- Born: Madrid, Spain
- Education: Stony Brook University
- Known for: Gravitational anomalies String theory
- Scientific career
- Fields: Theoretical physics
- Doctoral advisor: Daniel Z. Freedman

= Luis Álvarez-Gaumé =

Spanish theoretical physicist (born 1955)

Luis Álvarez-Gaumé (born 1955) is a Spanish theoretical physicist who works on string theory and quantum gravity.

Luis Álvarez-Gaumé obtained his PhD in 1981 from Stony Brook University and worked from 1981 to 1984 at Harvard University as a Junior Fellow, before he moved to Boston University to work as a professor. From 1986 until 2016, Álvarez-Gaumé was a permanent member of the CERN Theoretical Physics unit. In 2016, he became the director of the Simons Center for Geometry and Physics at Stony Brook.
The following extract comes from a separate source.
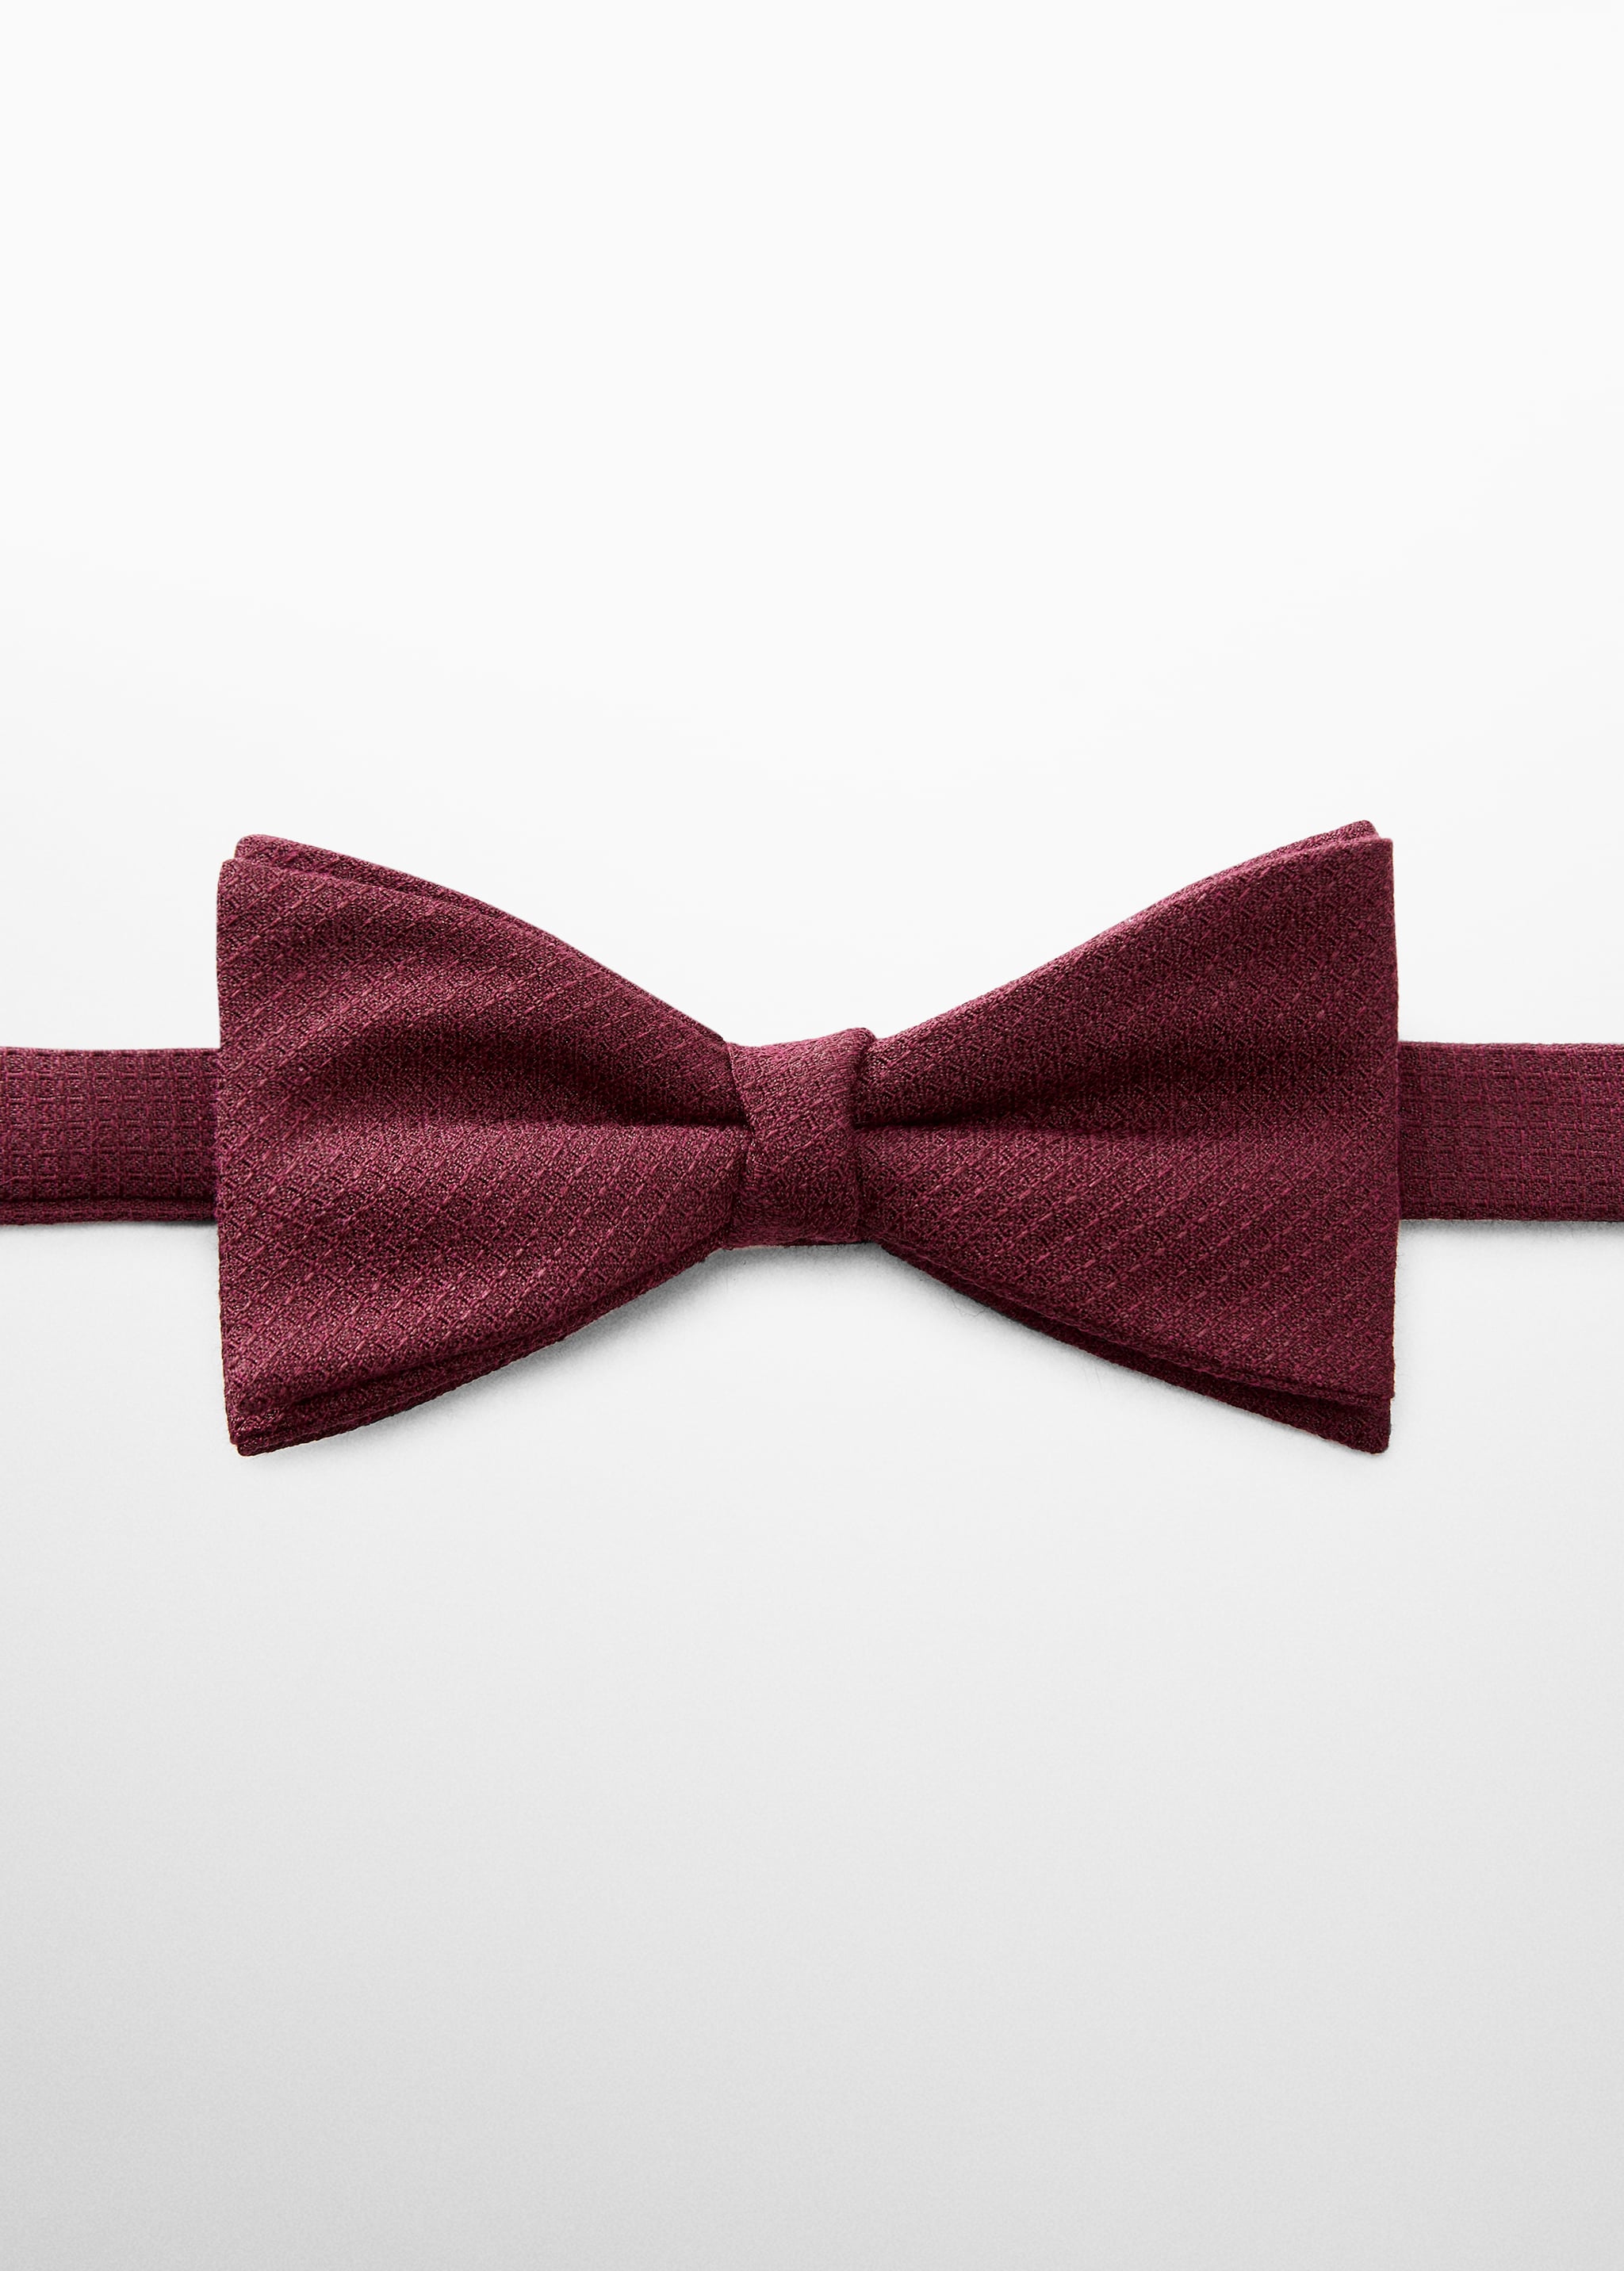 ربطة عنق كلاسيكية ذات تركيبة صغيرة - منتج دون نموذج
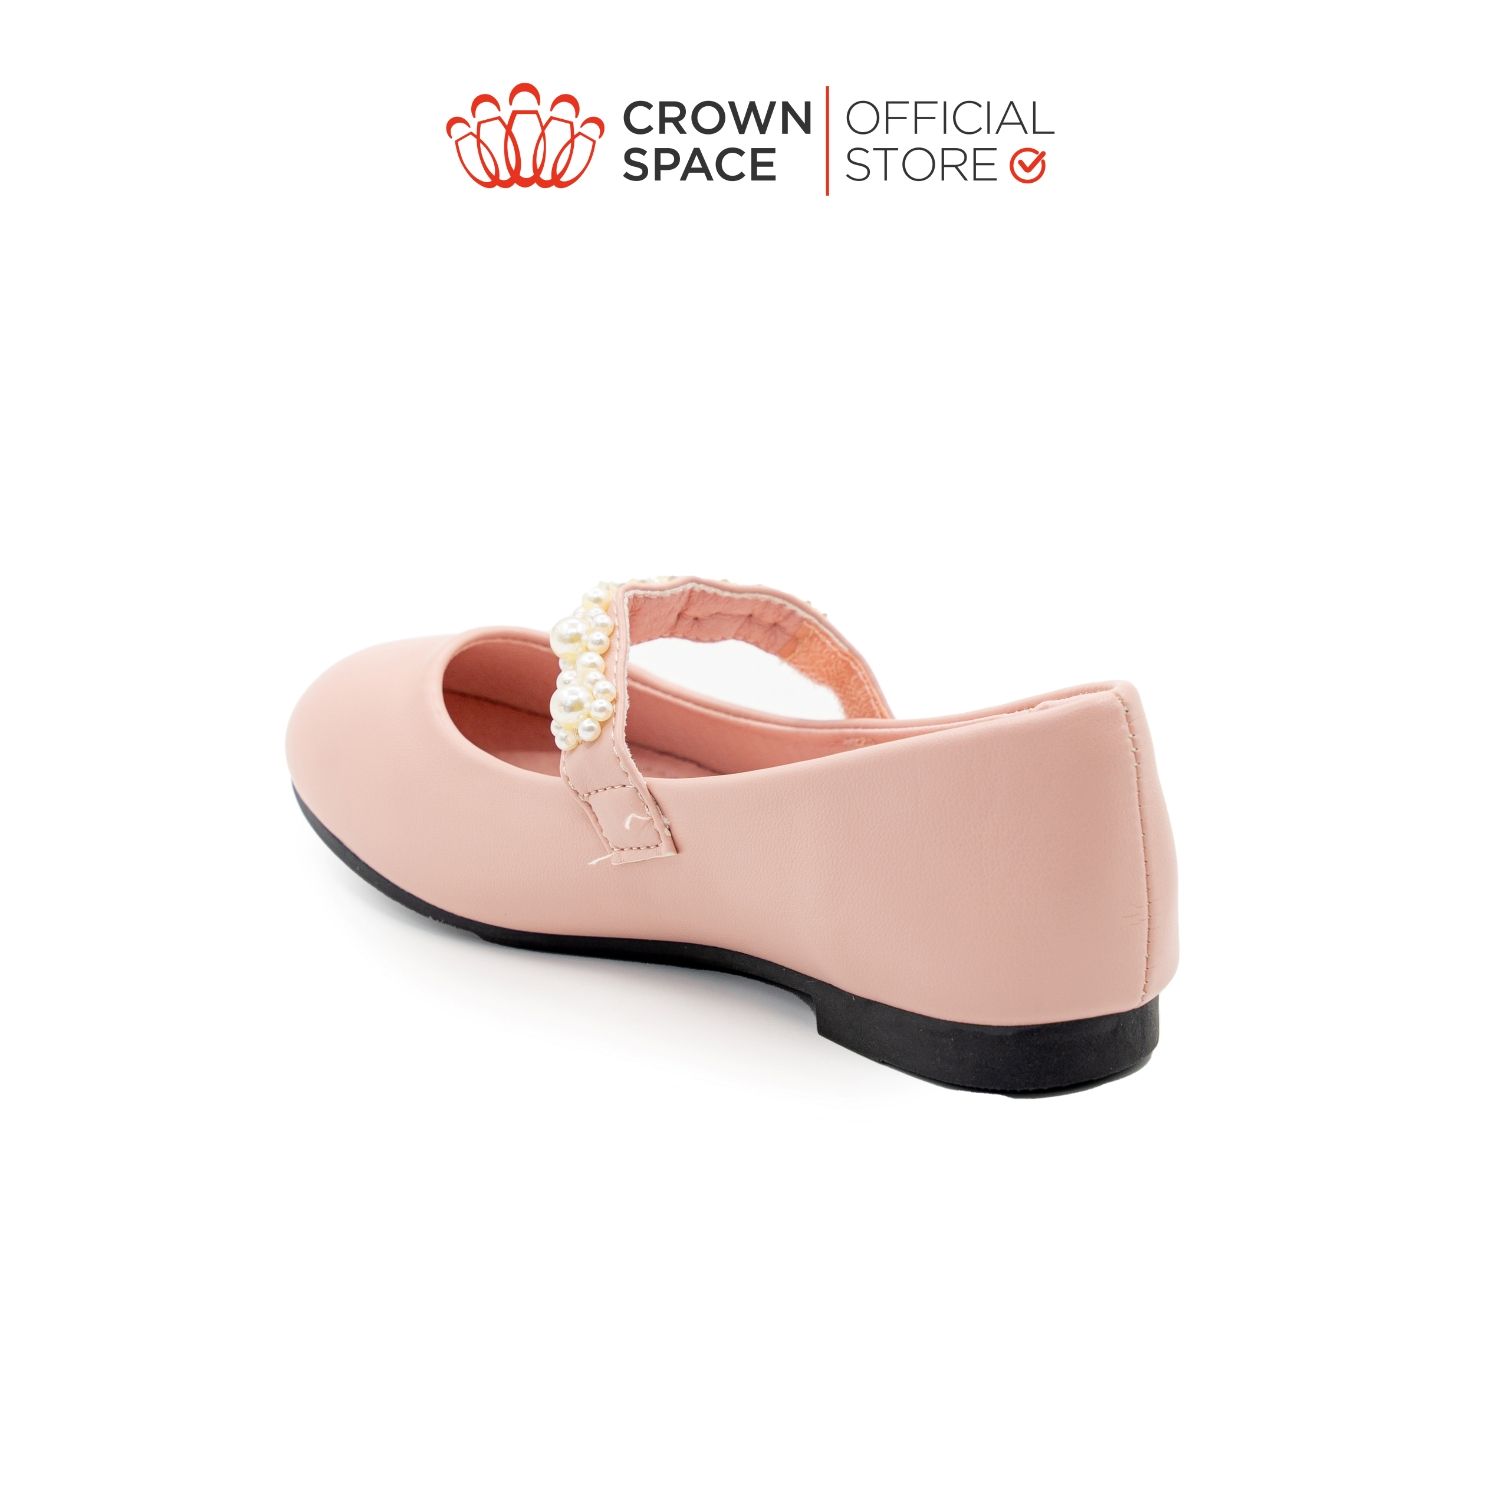  Giày Búp Bê Trẻ Em Cao Cấp Chính Hãng Crown Space Dành Cho Bé Gái Đi Chơi Đi Học CRUK3148 Size 30 - 36

In the 1980s, Álvarez-Gaumé had various important contributions to the field of string theory and its mathematical framework. Together with Edward Witten he showed in 1983 that quantum field theories generally have gravitational anomalies. Shortly after this, Michael Green and John Schwarz showed that such anomalies are avoided in various realizations of superstring theory. Álvarez-Gaumé is also known for a physical proof of the Atiyah–Singer theorem using supersymmetry.
His work spans a range of different subjects, including string perturbation theory at higher orders, quantum field theories on Riemann surfaces,
quantum groups, as well as dualities in string theory and black holes in string theory.
In the 1990s, Álvarez-Gaumé studied supersymmetry breaking at low energies (in N = 2 SUSY gauge theories). He has also co-authored a textbook on quantum field theory.